Trekkies will probably know where I’m going with this.
For everyone else, the Kobayashi Maru comes from the original Star Trek movie series, and is a Star Fleet cadet training exercise that first showed up in the movie The Wrath of Khan. It involves a computer simulation where any Star Fleet cadet aspiring to command a starship winds up confronting the ultimate no-win scenario; a confrontation with an enemy that culminates in the destruction of the ship they’re commanding as well as the death of everyone on board, including the cadet.
In one of my favorite plot twists, a determined James Kirk (image from Wikipedia) manages to sneak in and rewrite the computer program before he takes the test as a way to win the confrontation, but the program was designed as a battle to be lost. That was the whole point; to determine the true character of a cadet by seeing how they responded to certain death. After all, as Kirk himself later said when defending the test to a disgruntled cadet, how one deals with death is as important as how one deals with life.
Personally, I don’t think you can separate the two because, for the most part people tend to die the same way they live. Fighters go out fighting, those with a good sense of humor find something to laugh at, controllers try to control the whole process, co-dependents worry about everybody else, and graceful people surrender with a level of dignity that humbles and awes the rest of us. Trust me on this one…ALL of the virtues and flaws we cultivate in ourselves through our years of living are going to show up in spades when the dying time arrives.
Working with hospice was like watching people take the Kobayashi Maru, only in real life. I found myself in the extraordinary position of watching person after person confront the certainty of their own death, and it was…well…it was a thousand things. It was amazing, curious, humbling, horrible, surprising, heartbreaking, staggering, frightening, illuminating, and inspiring.
Getting the chance to witness and learn from so many different people facing this last and greatest test was a rare, rare! and priceless opportunity. (…a fact that somehow, almost nobody seems to grasp.

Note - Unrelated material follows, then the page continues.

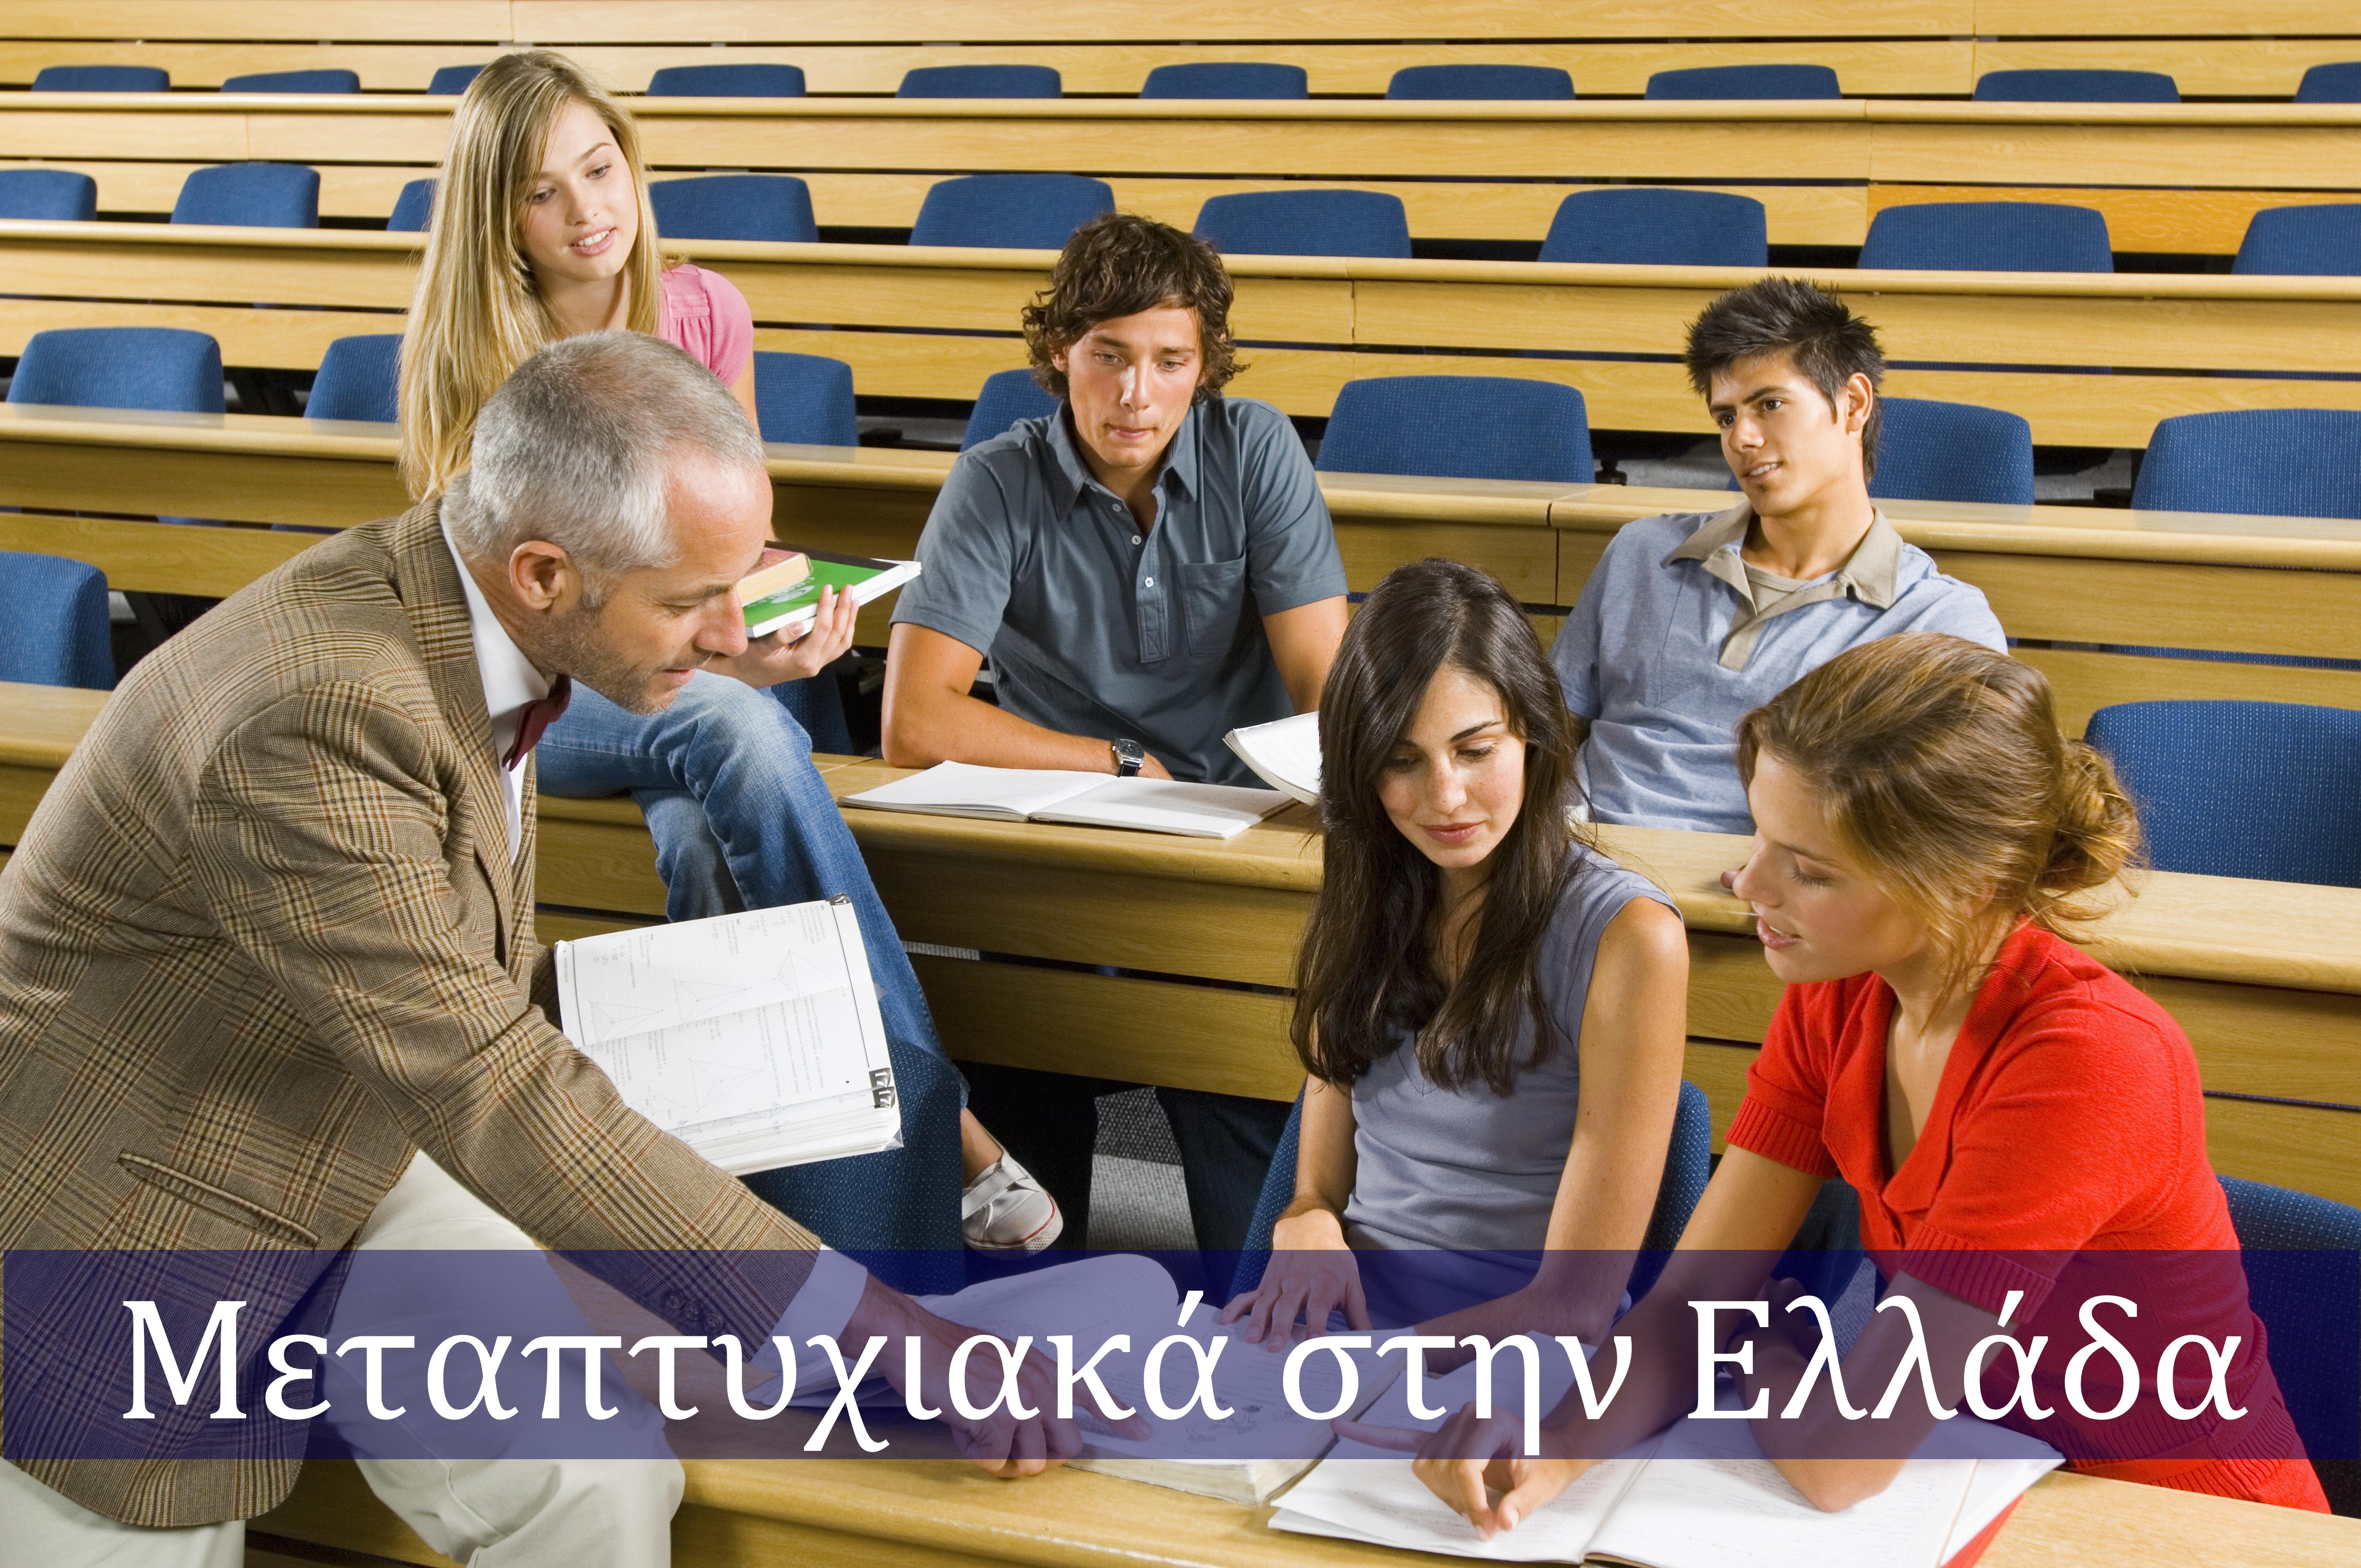 Конкурс образование во времени

So strange…) And while everything I learned will unquestionably help me face my own death with greater equanimity, courage, and grace when the time comes, far more importantly it’s helping me to also LIVE MY LIFE with much greater equanimity, courage, and grace until then.

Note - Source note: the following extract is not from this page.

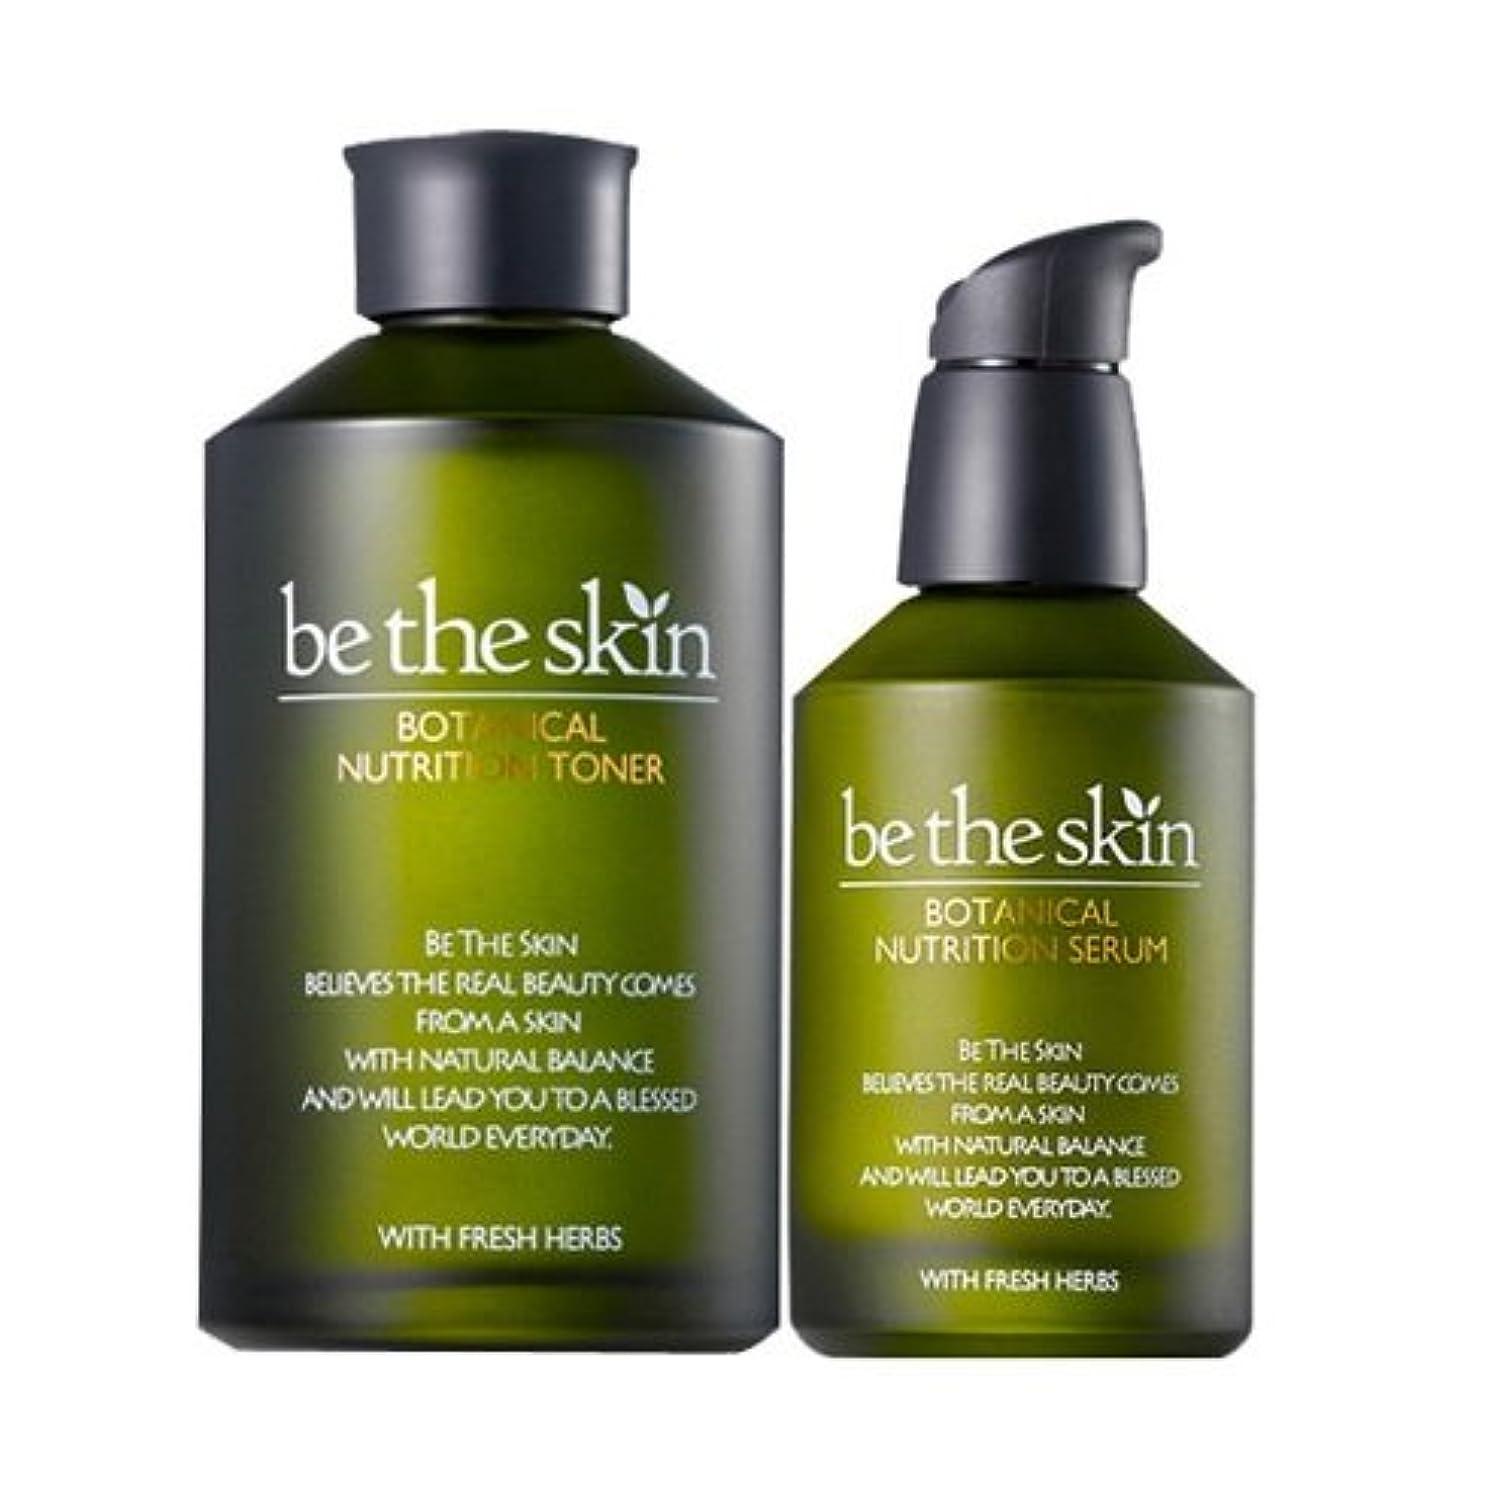 明確に彼らのトラブルbe the skin ボタニカル ニュートリション パーフェクト ケア 2種(トーナ&セラム セット)/Botanical Nutrition Toner & Serum [並行輸入品]

Next to giving birth, working with the dying was…hands down…the most life-affirming, life-nourishing, and life-celebrating thing I’ve ever done. I could never thank or speak highly enough of the people who allowed me to be with them, there at the end. It was truly an honor, a privilege, and a gift.
copyright Dia Osborn 2011
And they were lucky, blessed, and privileged to have you at their sides and supporting their loved ones during the process.
“ALL of the virtues and flaws we cultivate in ourselves through our years of living are going to show up in spades when the dying time arrives.” This is a sobering consideration. All the more reason to try to live one’s life the way we’d like it to be described upon our exit.
Exactly! One of the many reasons why considering how we’re going to die…right now, long before it happens…is a worthwhile thing to do!